21. The method according to claim 17, wherein the nonwoven fabric has the following: an average fiber fineness ranging from about 0.8 to 1.6 dtex, and in particular, from about 0.9 to 1.4. and more particularly, from about 1.2 to 1.35 dtex;a percent decrease in fiber dtex from about 5 to 360%, such as a percent decrease of 15 to 25%, in comparison to an identically prepared fabric with the exception that the identically prepared fabric does not include the elastomeric polyolefin and in which the filaments were drawn and attenuated at a cabin pressure of less than 4,200 Pa; anda machine direction bending softness ranging from 30 to 50 mm direction and a cross direction bending softness ranging from 15 to 40 mm, such as a machine direction bending softness ranging from 35 to 45 mm direction and a cross direction bending softness ranging from 25 to 40 mm.

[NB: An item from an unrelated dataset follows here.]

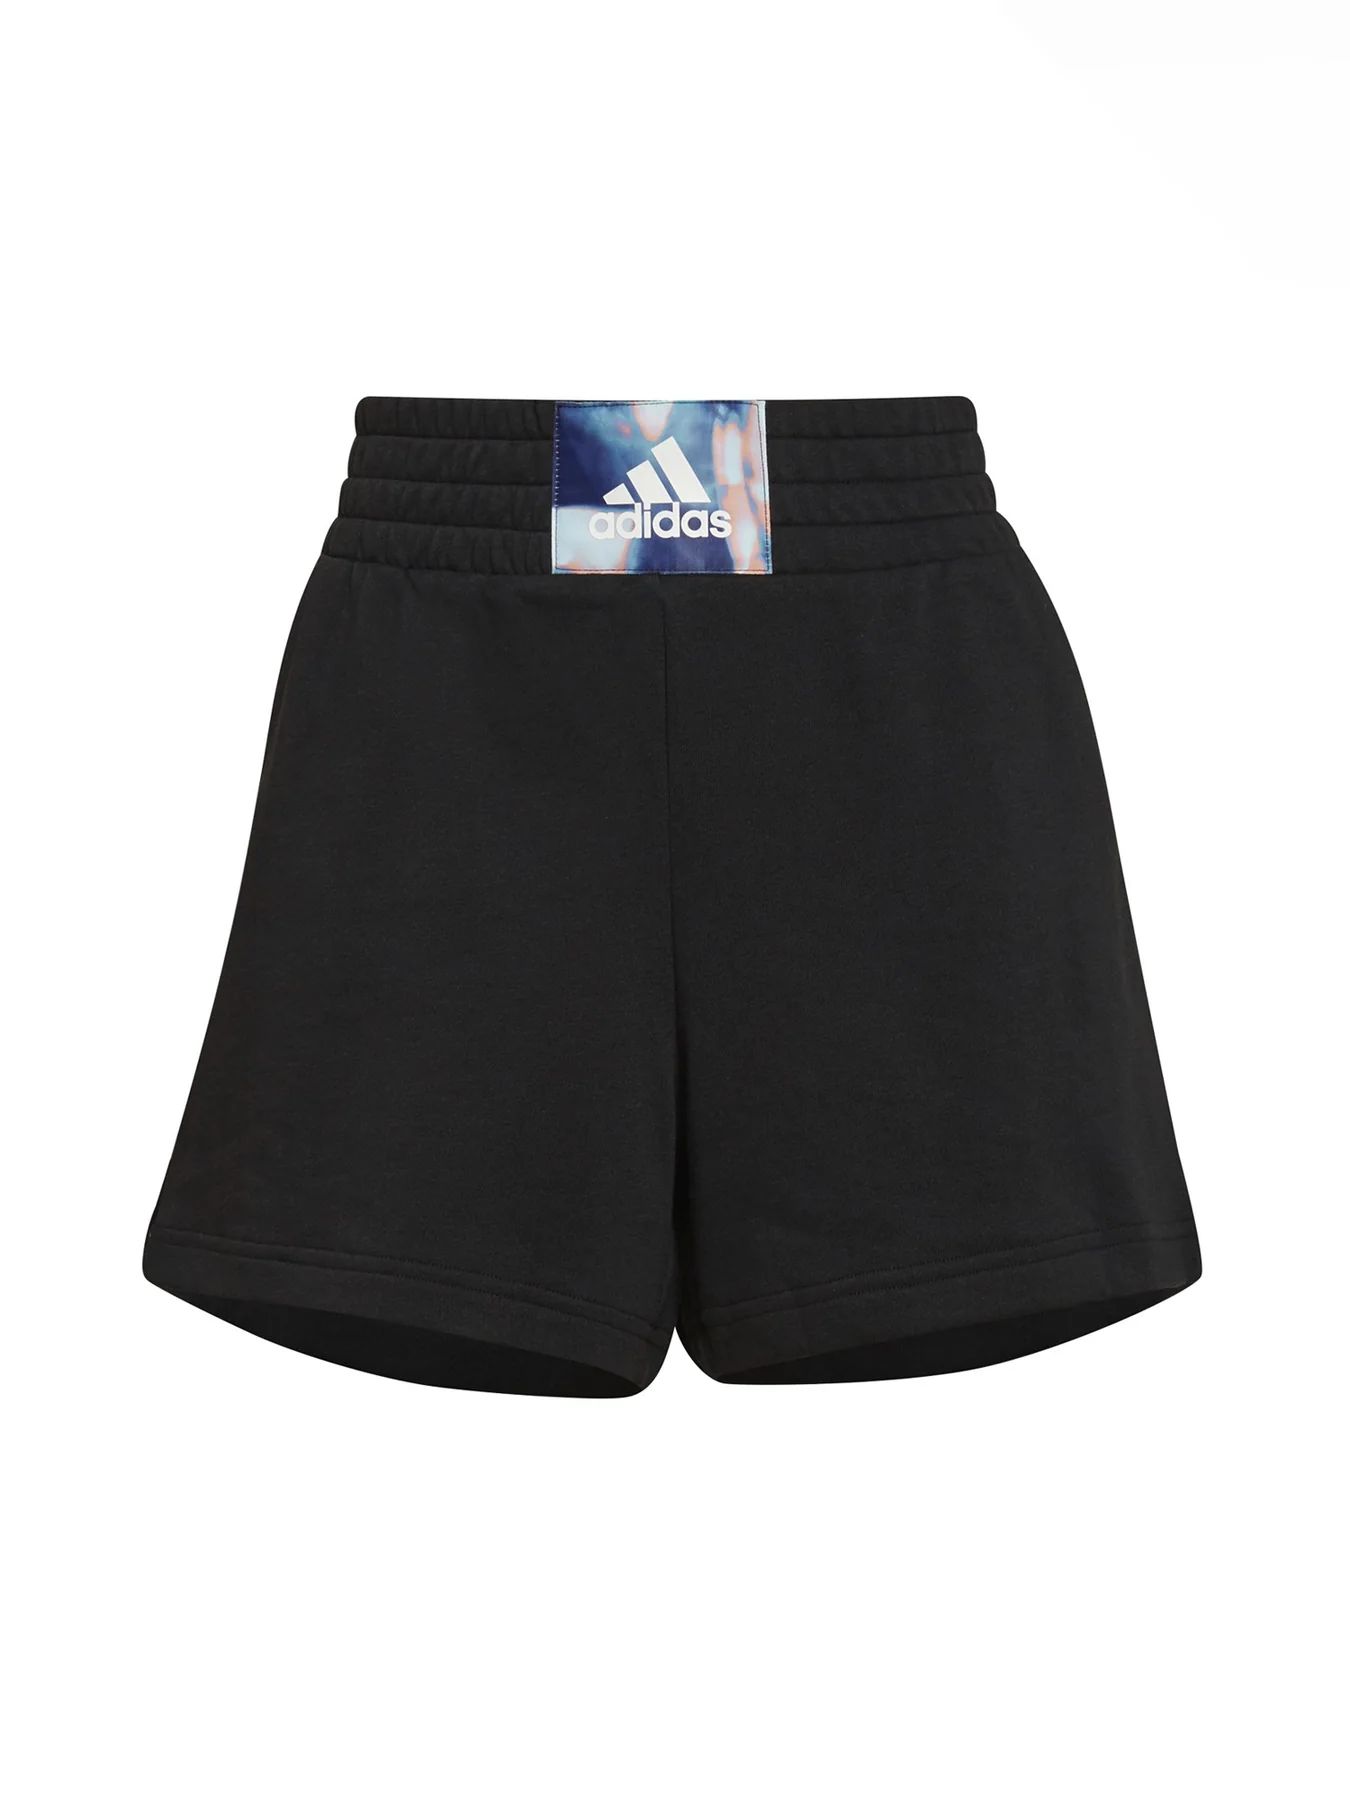 Спортивные шорты женские Adidas GS3858 черные XS

22. The method according to claim 17, further comprising a step of depositing a second fabric layer over the nonwoven web, and wherein the second fabric layer is selected from the group of meltblown layer; carded fabric layer, spunbond layer, resin bonded layer, airlaid fabric layer, and a spunlace layer.

23. The method according to claim 17, further comprising a step of thermal bonding the nonwoven web.

24. The method according to claim 23, wherein the step of thermal bonding the nonwoven web comprises calender bonding the nonwoven web with an engraved roll having raised bonding points configured and arranged to impart a bonding pattern on a surface of the nonwoven web, the bonding pattern having a percent bonded area from about 9.6 to 14%, an average individual bond surface area from about 0.10 to 0.25 mm2, and an average bond point packing value from about 4 to 7.25 mm−1.